Taxonomy Convergence and Data Quality Critical in ESG
Market participants said comparable, high quality, reliable data and harmonized climate disclosure standards across jurisdictions are critical to boost sustainable financing.
Fabio Natalucci, deputy director of the monetary and capital markets department at the International Monetary Fund, said at the GFMA’s 2nd Annual Global Capital Markets Sustainable Finance conference that the climate information architecture has three legs – comparable high quality, reliable data; a harmonized and consistent set of climate standards; and climate classification.
Opening proceedings at @GFMAnews 2nd Annual Global #CapitalMarkets #SustainableFinance Virtual Conference, Steven Ashley @Nomura, emphasised the need for urgent market and policy action in 2022, to combat climate change.#climatemarkets #carbonpricing pic.twitter.com/5wj4Bap2Yw
— AFME (@AFME_EU) December 14, 2021
“You need data and you need classification in order to meet standards,” added Natalucci. “It’s a very crowded space and there’s definitely a need for convergence from a regulatory standpoint.”
He continued that comparable consistent data is also needed across advanced economies and emerging markets.
The IMF’s report in October report looked at the role that asset managers can play in helping the transition to a new zero economy.

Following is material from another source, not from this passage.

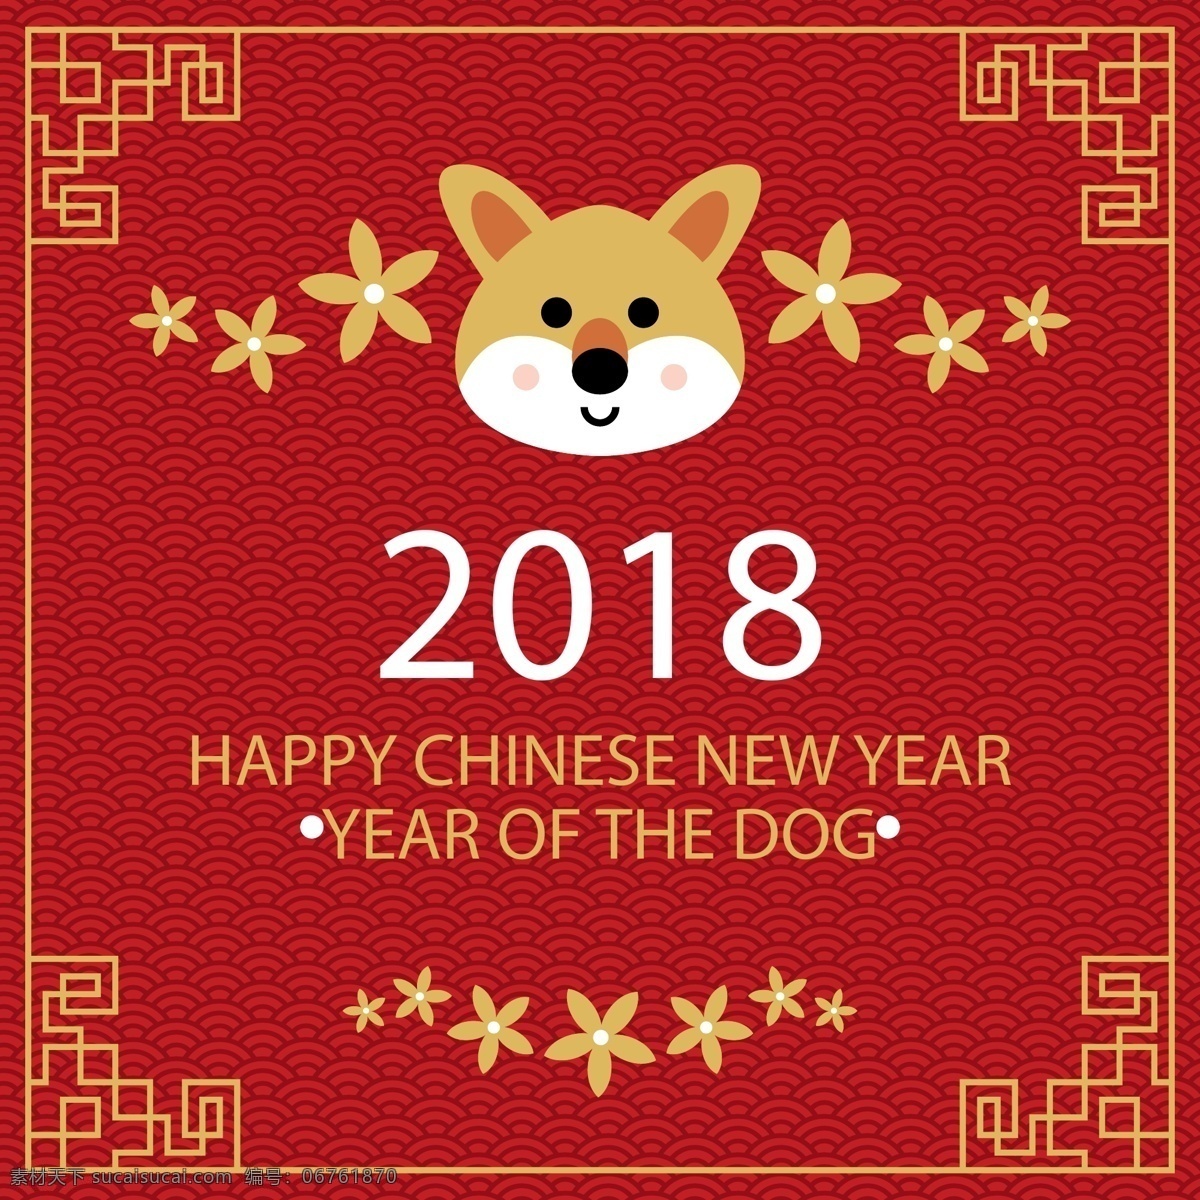 2018 年 可爱 小狗 头像 贺卡 花卉 花纹 happy chinese new year 狗 2018年 海浪纹 名片卡片

Natalucci said: “The overall sustainable finance market is growing fast but is still very small and there is a need to scale this up relatively quickly.”
“Investors seem to be really attracted by labels which underscores the importance of the data to make sure they avoid greenwashing,” Natalucci added.
Fund managers said important obstacles in sustainable markets were the lack of current data, the lack of forward looking data and multiplicity of disclosure standards.
Natalucci said: “Don’t wait for perfect data to work on climate issues as this may come too late down the road.”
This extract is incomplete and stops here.